May 6, 2015

Data Science & Business Intelligence

A lot of researches gave us the fancy definition about Data Science and Business Intelligence. I interviewed a few of my friends from my master program most of whom are working as a Data Scientist or Business Intelligence Engineer or Data Engineer in the tech industry. Since I am working in Amazon instead of the academic research environment, I will combine my experience and and my friends' interviews to discuss the responsibilities of a Data Scientist or a BI Engineer. 

According to Forrester Research, Business Intelligence is 
Forrester defines the business intelligence (BI) market as a set of methodologies, processes, architectures, and technologies that leverage the output of information management processes for analysis, reporting, performance management, and information delivery. Research coverage includes executive dashboards as well as query and reporting tools.

As for Data Science, the definition is:
In general terms, Data Science is the extraction of knowledge from data It employs techniques and theories drawn from many fields within the broad areas of mathematics, statistics, information theory and information technology, including signal processing, probability models, machine learning, statistical learning, computer programming, data engineering, pattern recognition and learning, visualization, predictive analytics, uncertainty modeling, data warehousing, data compression and high performance computing. Methods that scale to Big Data are of particular interest in data science, although the discipline is not generally considered to be restricted to such data. The development of machine learning, a branch of artificial intelligence used to uncover patterns in data from which predictive models can be developed, has enhanced the growth and importance of data science.

What kinds of skill are required for both?
SQL -  Extract the data
This is definitely the most important and generic skill required for both positions. However, SQL does not allow you to build specific statistic models. You can only do simple calculations in SQL. 

Tableau -  Simple reporting
The Seattle based company Tableau created the incredibly user friendly software for you to generate the report. The private Tableau server allows you to share your dashboard with your internal customers. The newest version in Tableau allows you to run Java and customized SQL on the top of your original tables.

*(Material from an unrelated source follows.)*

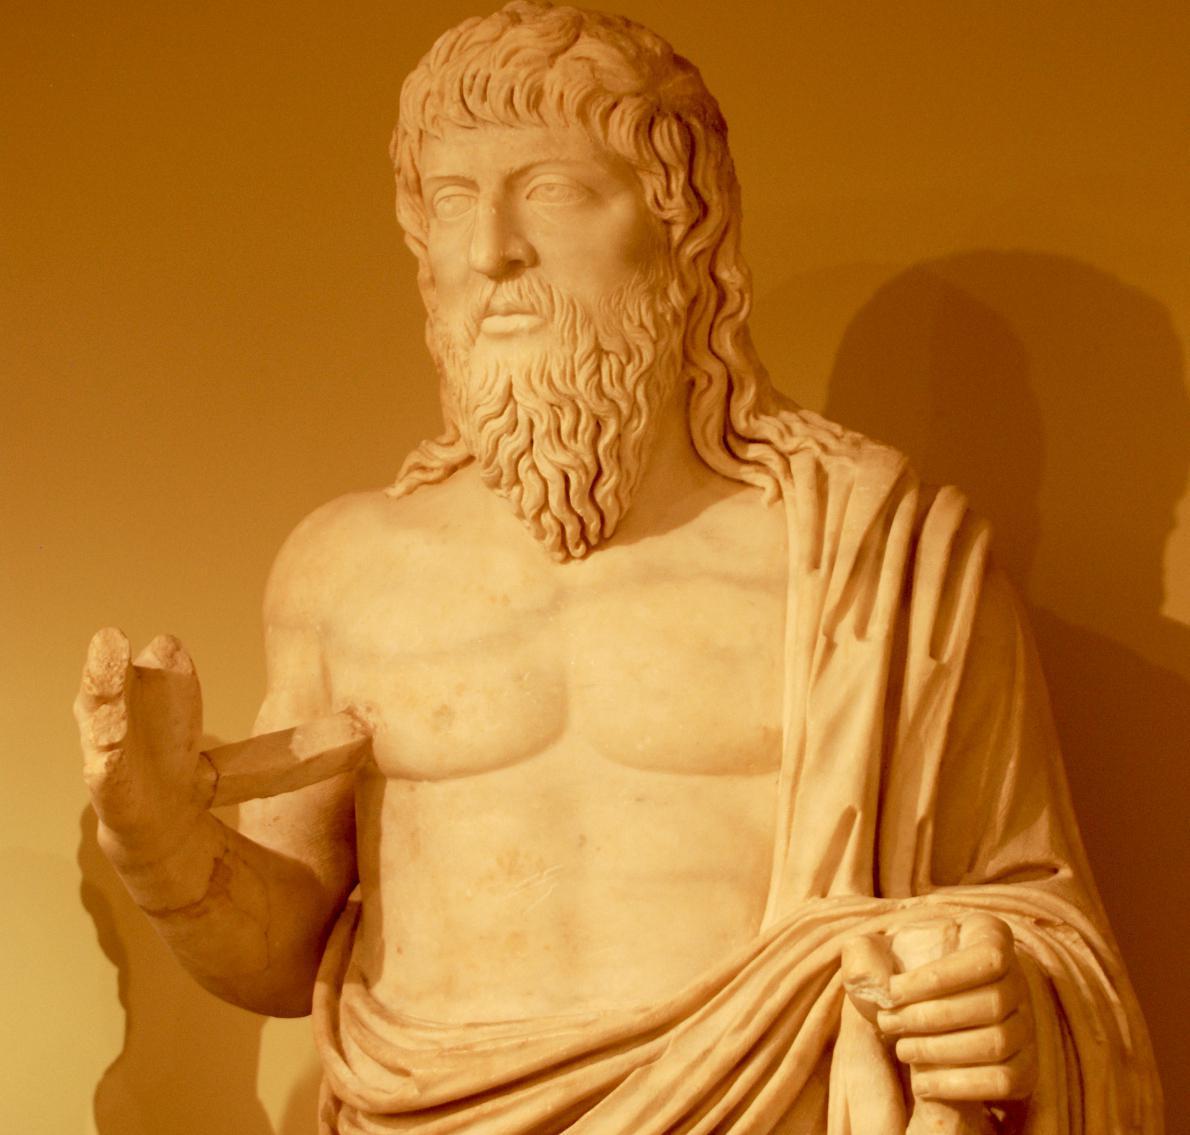 The_Philosopher_Apollonius_of_Tyana_-_Archaeological_Museum_of_Herakleion

R Studio - Build complex statistical model
In R studio, you can run linear regression, neural network regression, F-test, or other complex statistical model that are impossible to run on SQL.

Excellent programming skills introduces you to the career path of a Business Intelligence Engineer. However, in the real world, especially business driven working environment, critical thinking is much more important. For example, what kinds of metrics would you like to use to measure a user's interaction on Facebook ? Length of time when a user stayed on the page? How many likes a user gave in one day? Did a user download an app recommended on Facebook ad?  Why the number of likes a user gave is more important than the length of his staying on the New Feed page? What other metrics should we include in the Weekly Business Report that delivered to the Finance team? How about the report delivered to the Accounting team? When the metrics you want to use are not available in the data warehouse, how could you come up with SQL query that used other metrics to generate the metrics you want?

In the business-driven environment, production delivery speed is more important that the quality of the report. As private company's goal is to make more profits, it requires the leadership to make big decisions fast and correctly. Therefore, BIE working pace is very fast. Summary data in a report sounds pretty straightforward and simple but how to overcome all the data engineering problems and become critical thinking about the metrics relationship in the data warehouse takes a lot of hard work and reviews. 

You might wonder if a Data Scientist's job focuses more on the research base. Most of my friends with a title in Data Scientist use SQL to extract the data and another tool, including Excel, R Studio, and SAS to analyze the customer behavior.